For many people, a 401(k) offers a way to save money for retirement. Last year was the first year that people under the retirement age were allowed to rollover investments into an IRA account. The IRS has issued guidelines to employers whose 401(k) plans offer Roth accounts rollovers for contributors younger then retirement age.

The key part that governs the rollovers for participants under the retirement age of 59 ½, is how the rollover occurs. Participants can only rollover money into an IRA account directly, and because the distribution of funds is not allowed, the 60-day rule does not apply.

The IRS is allowing time for the sponsors of such plans to amend their plans to allow rollovers.

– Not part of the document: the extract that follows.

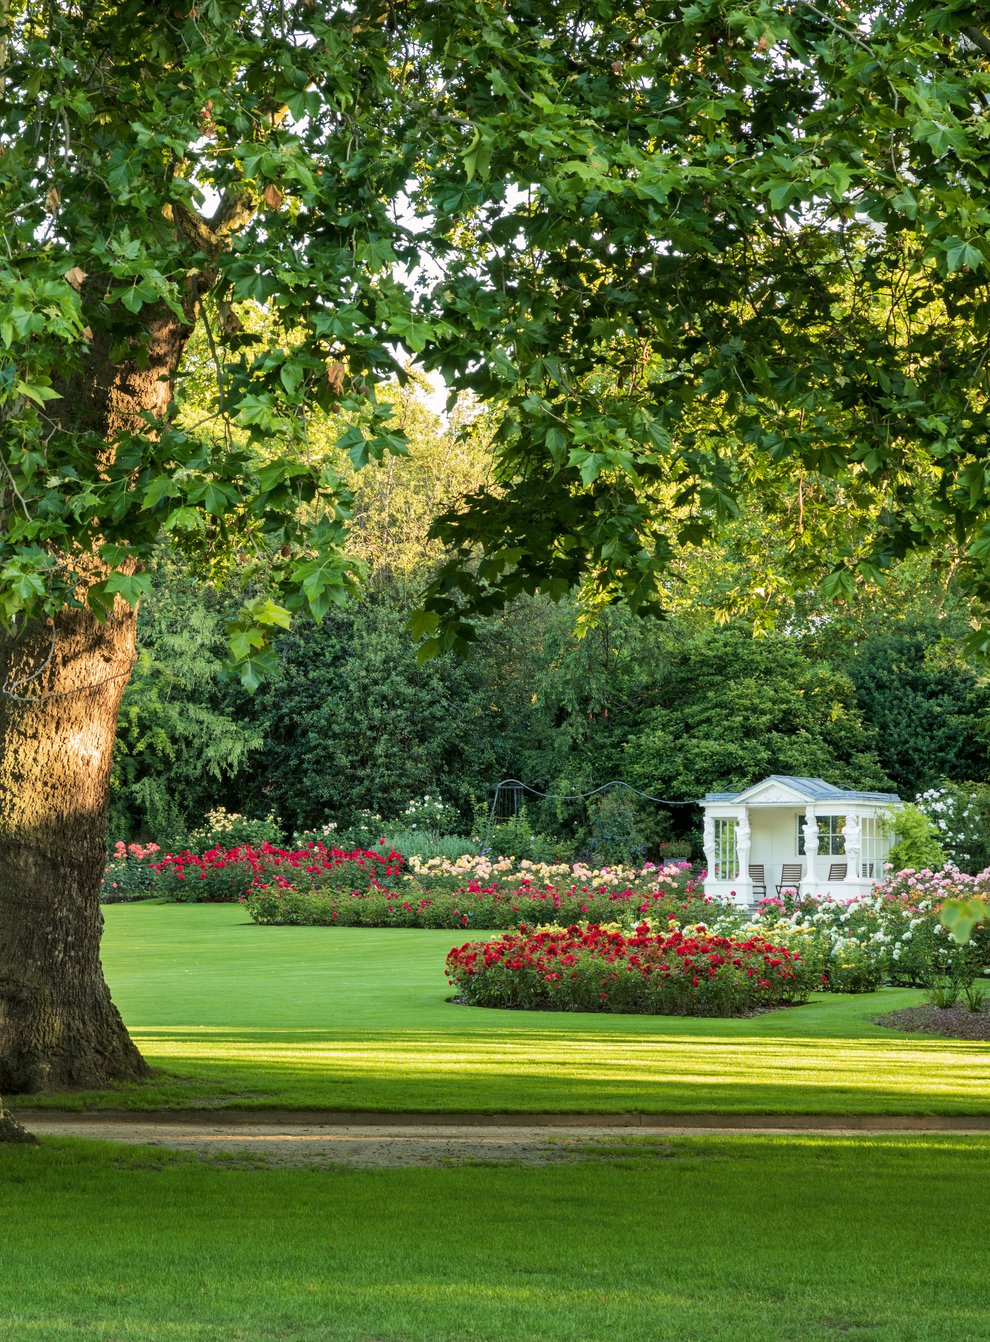 Buckingham Palace garden in bloom during the summer

The amendments must be made by December 31, 2014. This time can also be used to allow sponsors to have participants elect to have salary deferrals into their Roth.

The IRS advises sponsors on the following to make the process simpler and easier to implement:

  • Restrict the types of contribution and eligible balances for Roth rollovers. This can help avoid the burden of tracking all the distributions for some or all of the Roth balances.
  • Have a clause where sponsors can eliminate the in-plan rollover at any time as long as it does not discriminate in favor of highly compensated employees.
  • Favorable tax treatment only applies to Roth distributions made after five years front eh date the Roth was established.